Working Theory

by Michael Reed


I do employment law for the Free Representation Unit.


michael at


Through a glass, darkly

16 October 2014

Thanks to a written question by Chuka Umunna we now know how many employment tribunal fee remissions were granted each month between July 2013 and June 2014.

There are two odd things about the answer. First, the government appears not to possess reliable information about how many applications it’s received.

Employment tribunal remission data extracted in its current form from HM Courts & Tribunals Service (HMCTS) systems has not yet been assured to sufficient standards to provide the number of remission applications received, subsequently awarded, in full or partial.

That really is a remarkable statement.

The government has set up an employment tribunal fees system, which basically does two things. It takes money from people who pay the fee; and it processes remission applications. You’d think that anyone running such a system would be able to get basic information on what was happening. At the very least they should know how many applications had been received and how many granted.

By way of comparison, here at FRU, a small legal charity doing work of considerably less importance, I can produce data on how many clients have applied to us for help and how many people we’ve found representative for. I can divide applications between social security and employment cases or by different tribunal venues, or in a hundred other ways.

If I had to admit to anyone that I just couldn’t tell them how many people had been referred to FRU over the last 12 months, I would feel I’d been exposed as a complete idiot – and I’d be absolutely right. I’ve no idea what is going on over at HMCTS, but it’s hard to think of a good reason they can’t provide this information to parliament, months after the scheme started.

The second odd thing is that the number of remissions is rising steeply.

It isn’t obvious why this would be happening. The test for fee remission got stricter in October 2013, when the capital test was introduced. And the number of claims, in total, has been dropping further, not rising. So you would expect remission to be getting rarer.

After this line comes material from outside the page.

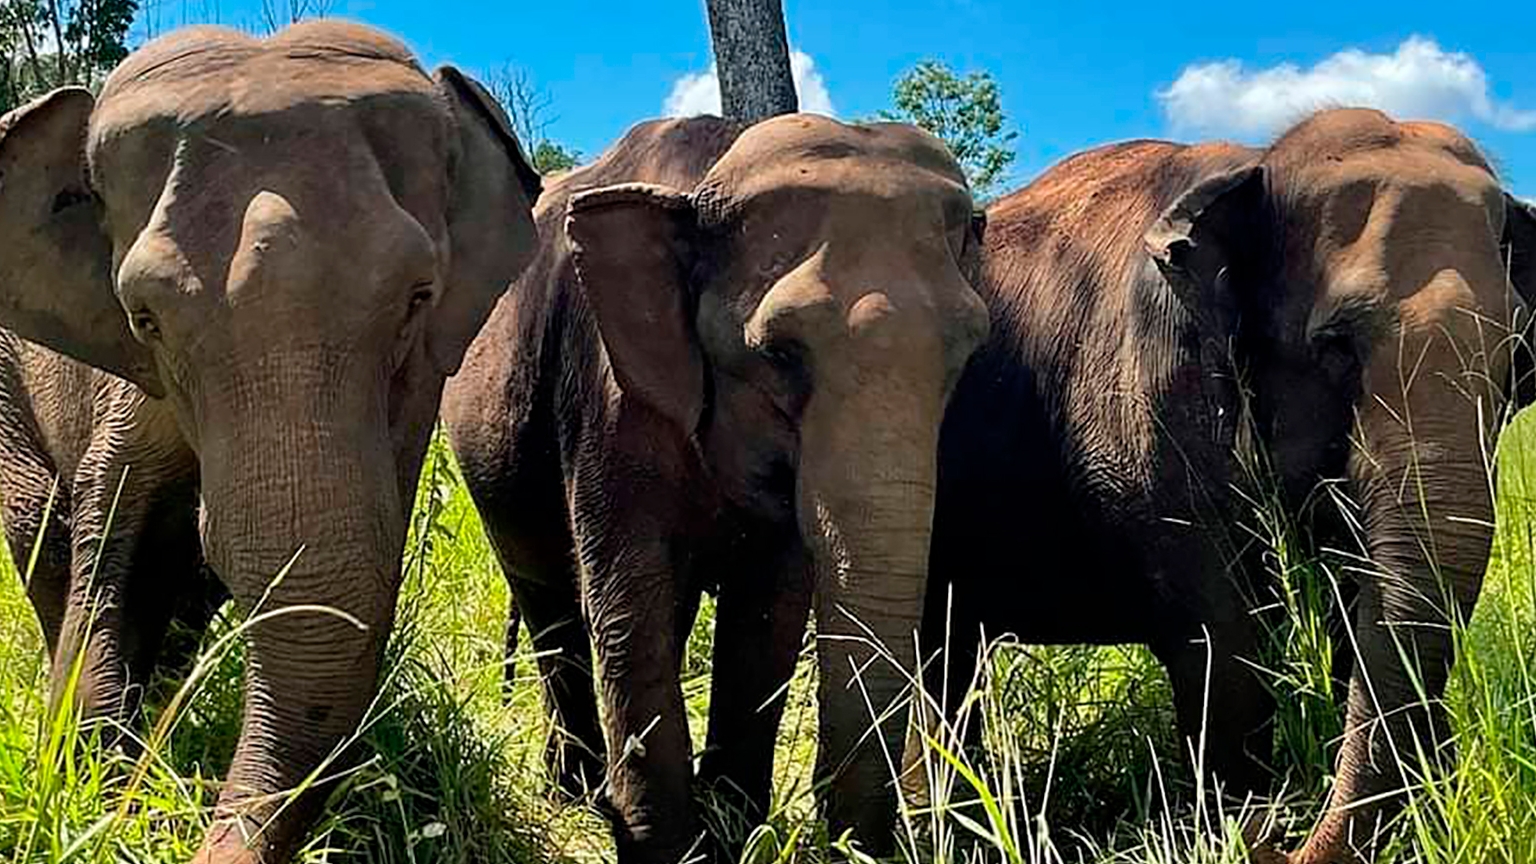 Historia de la elefanta que puso a los humanos a pensar cómo hay que tratar a otros seres vivos

One possibility is that the proportion of claimants applying for remissions is going up. This might be true, as information and advice on remissions gets disseminated. The other possibility is that a higher percentage of remissions are being granted. If that’s true, it’s scandalous, because it suggests that many people who were entitled to remission were previously being refused – either because HMCTS was getting it wrong or because their process was too tortuous for eligible litigants to get through.